Dataset section:
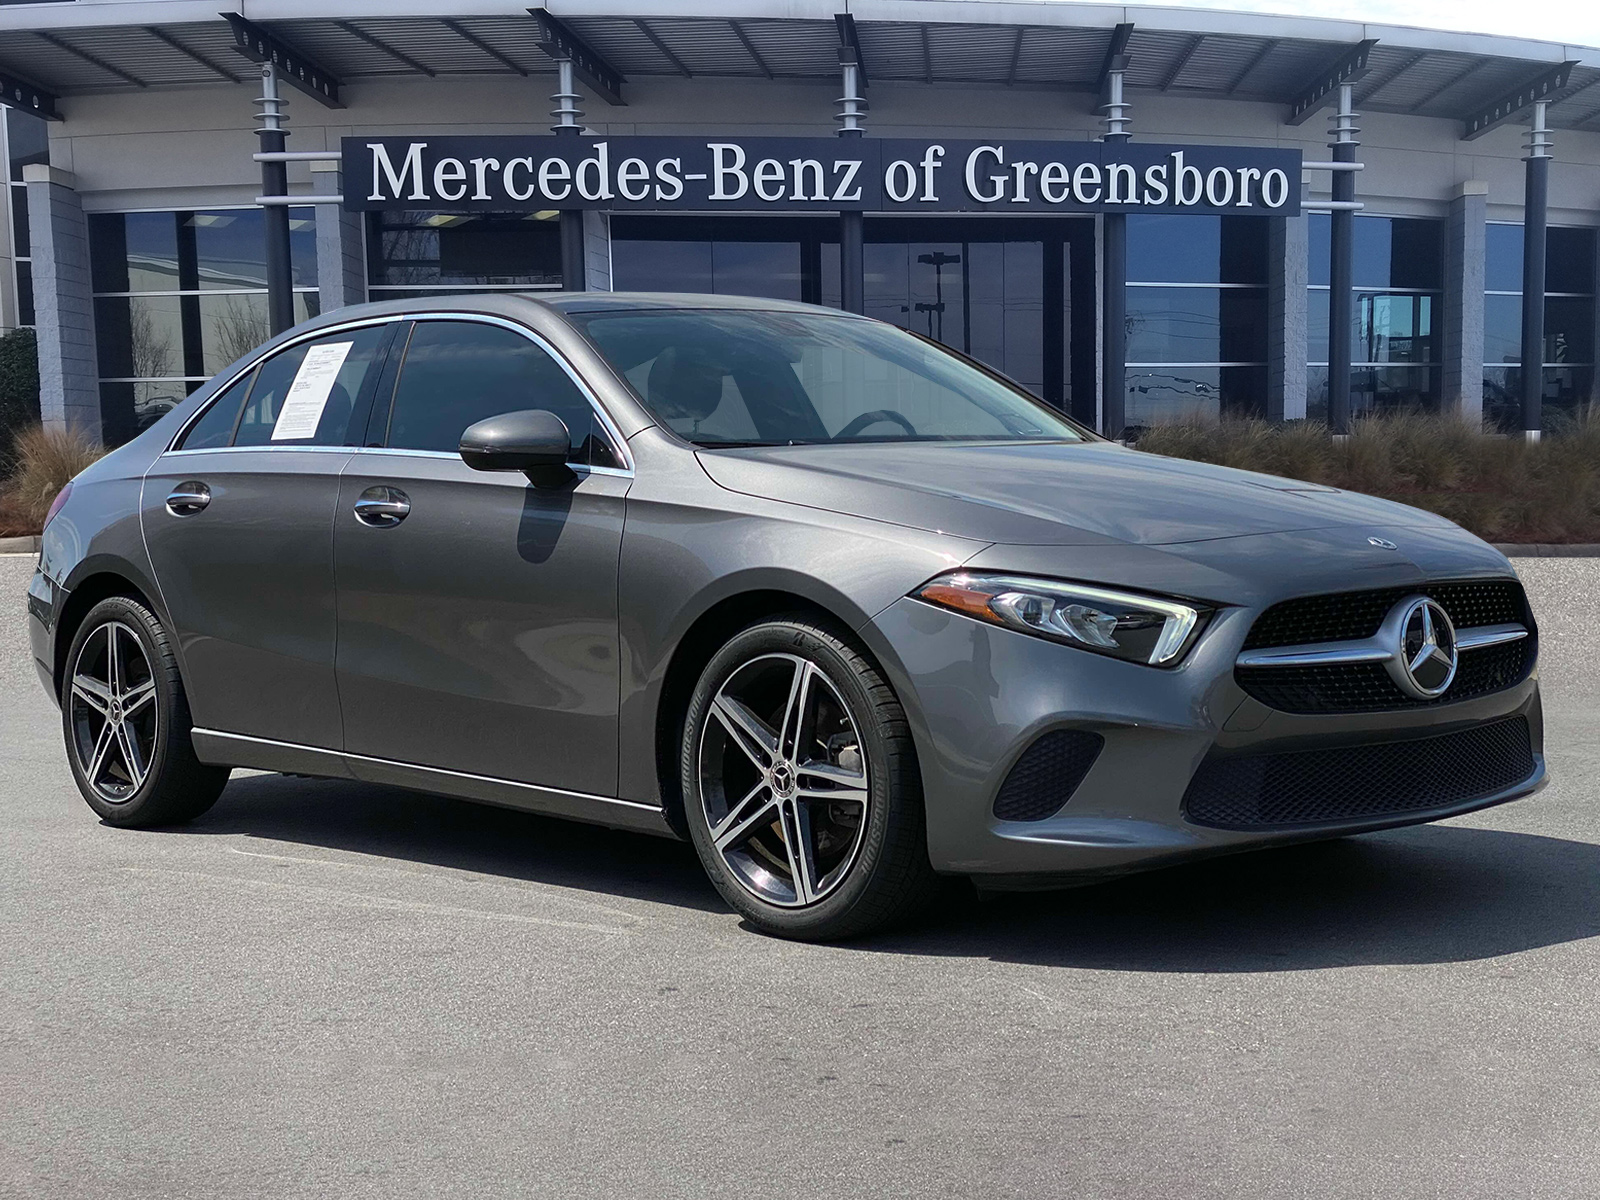 2021 Mercedes-Benz A-Class Greensboro NC
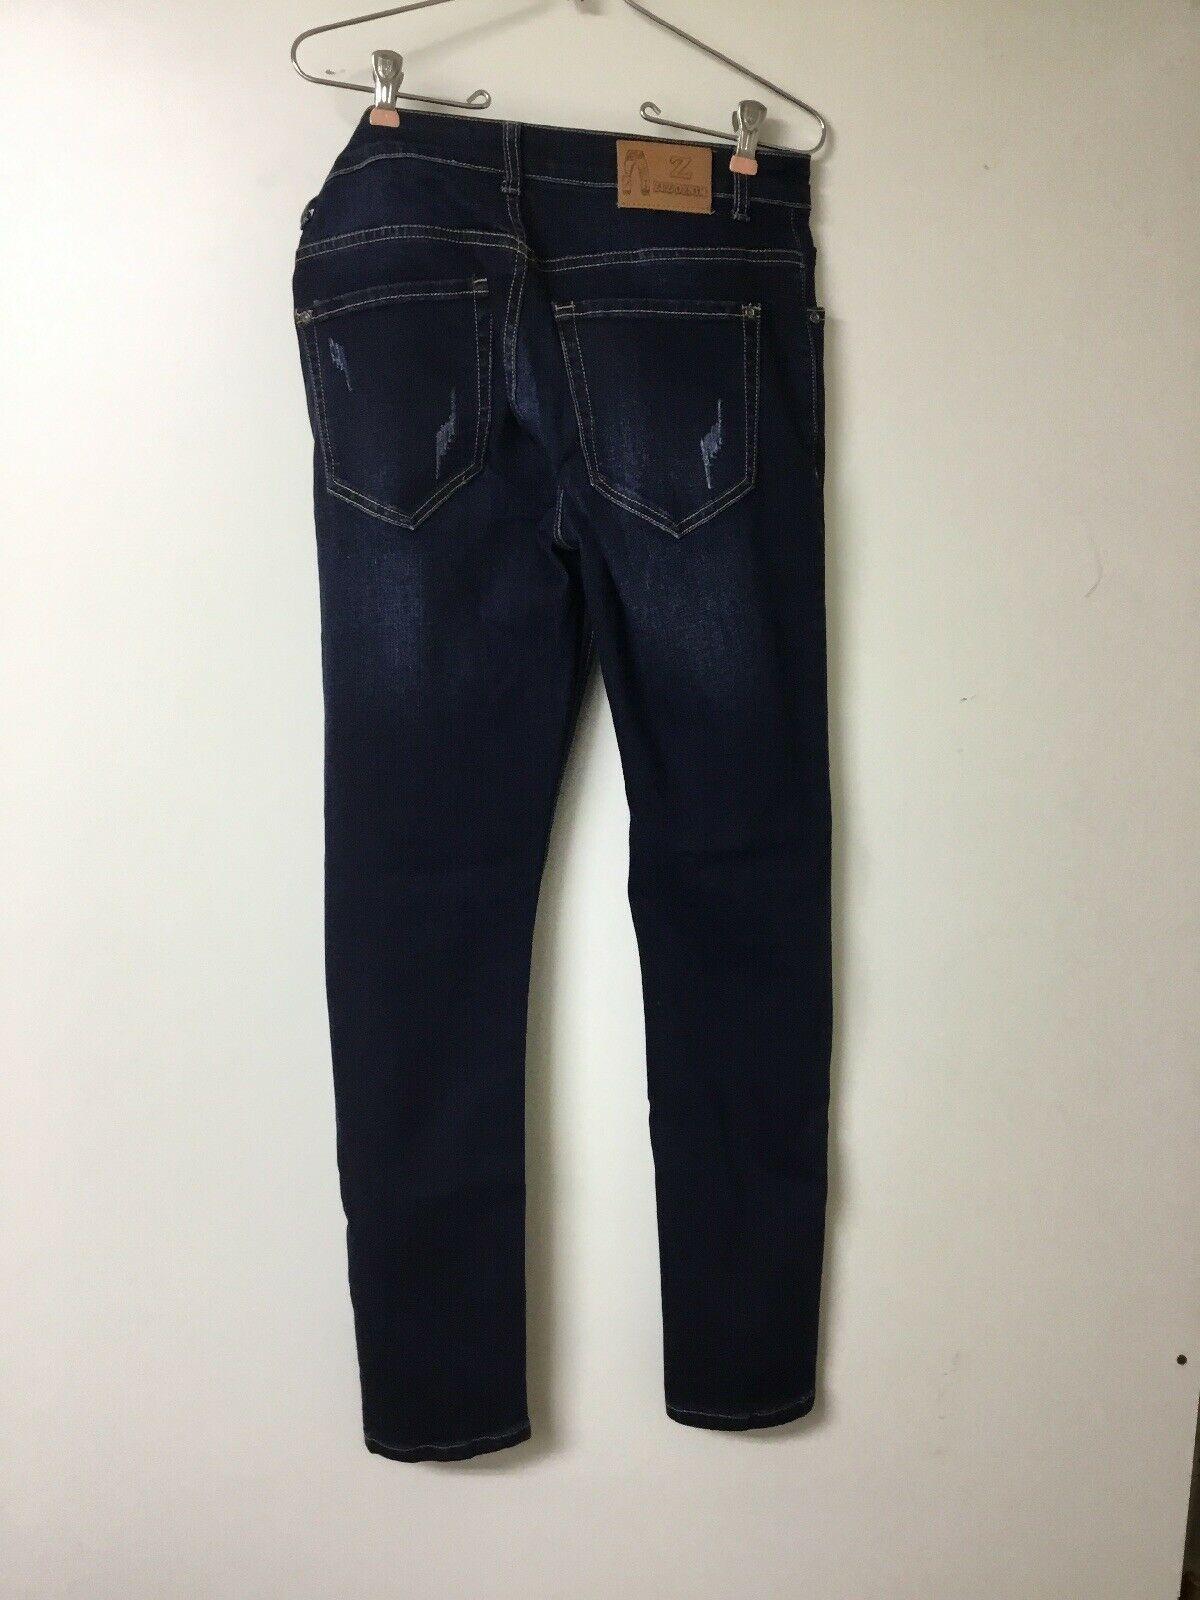 ZLZ Men's Skinny Slim Fit Stretch Comfy Fashion Blue Denim Jeans size ...
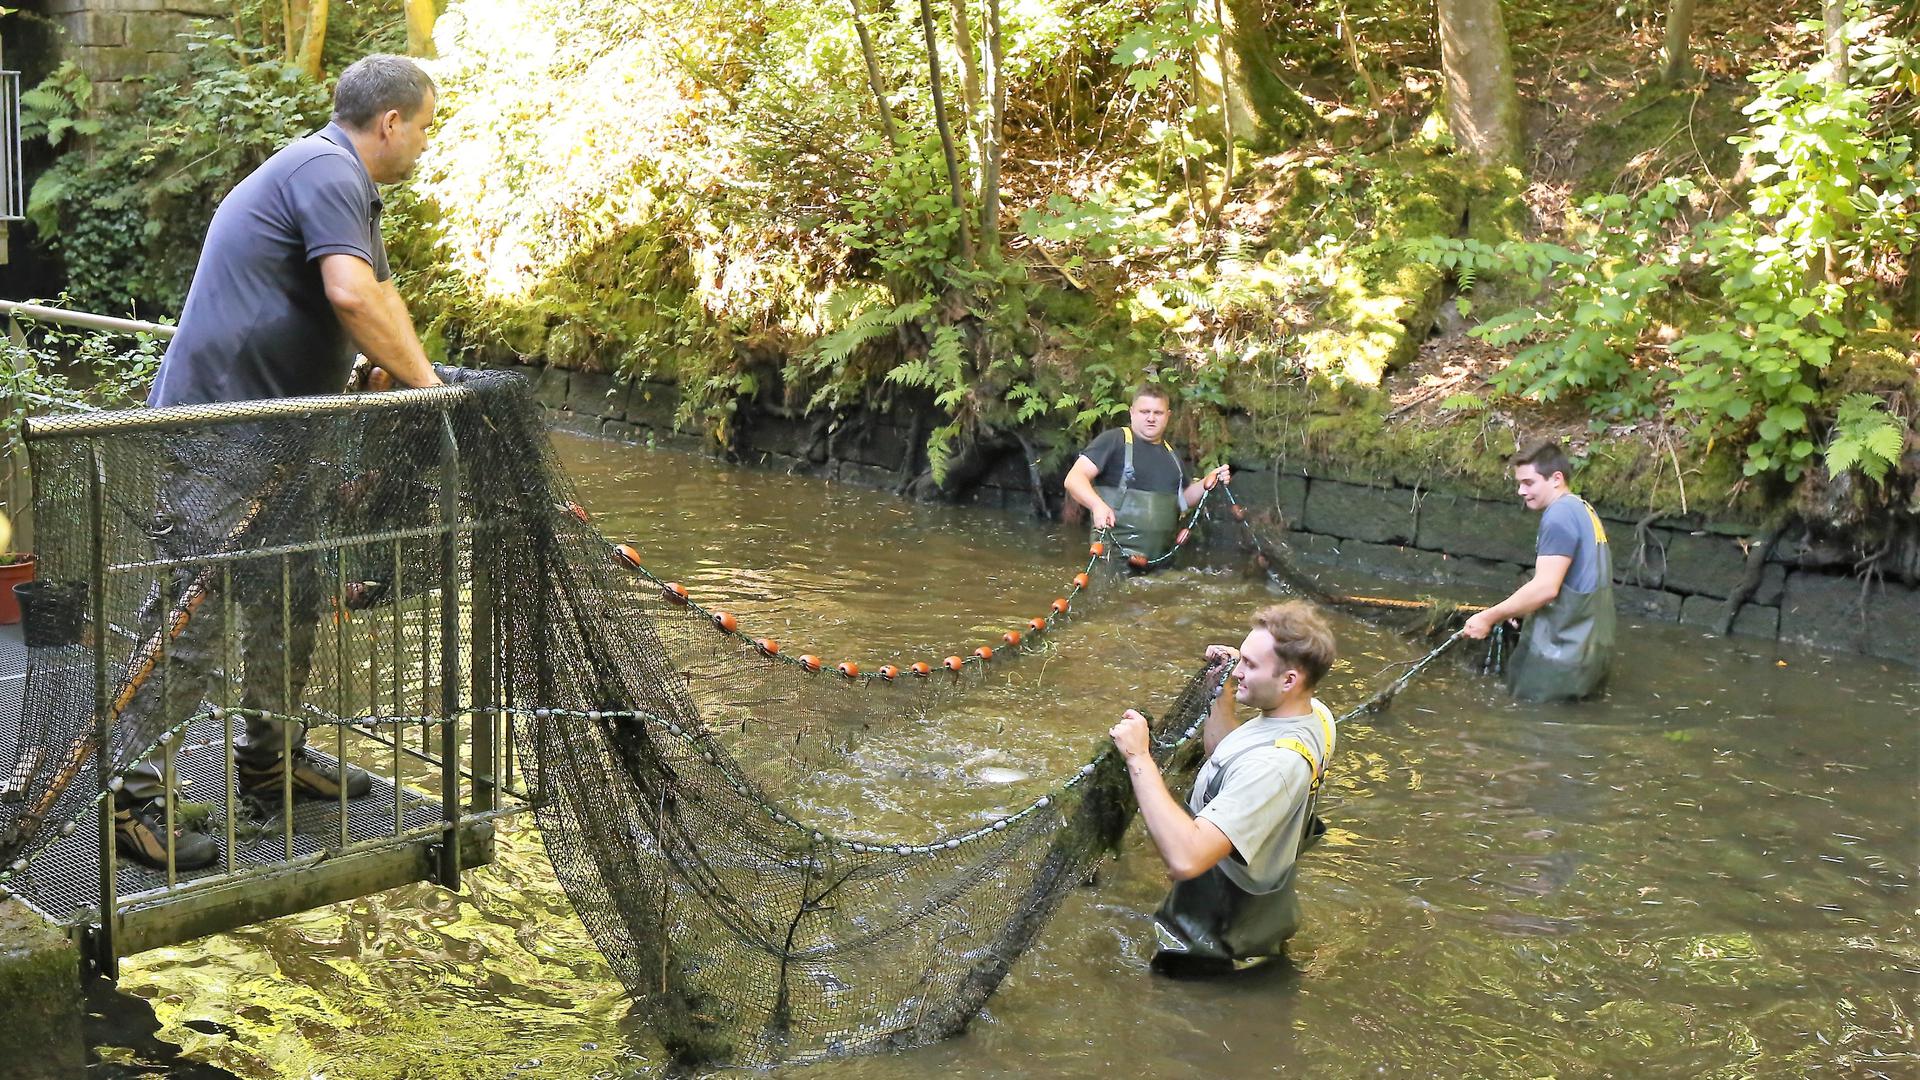 Handarbeit am Mühlkanal: Mit einem speziellen Netz werden große Fische aus dem alten Kanal gezogen.

Task to complete:
Give back the entire listing verbatim, without the pictures.

Response area:
 2021 Mercedes-Benz A-Class Greensboro NC
 ZLZ Men's Skinny Slim Fit Stretch Comfy Fashion Blue Denim Jeans size ...
 Handarbeit am Mühlkanal: Mit einem speziellen Netz werden große Fische aus dem alten Kanal gezogen.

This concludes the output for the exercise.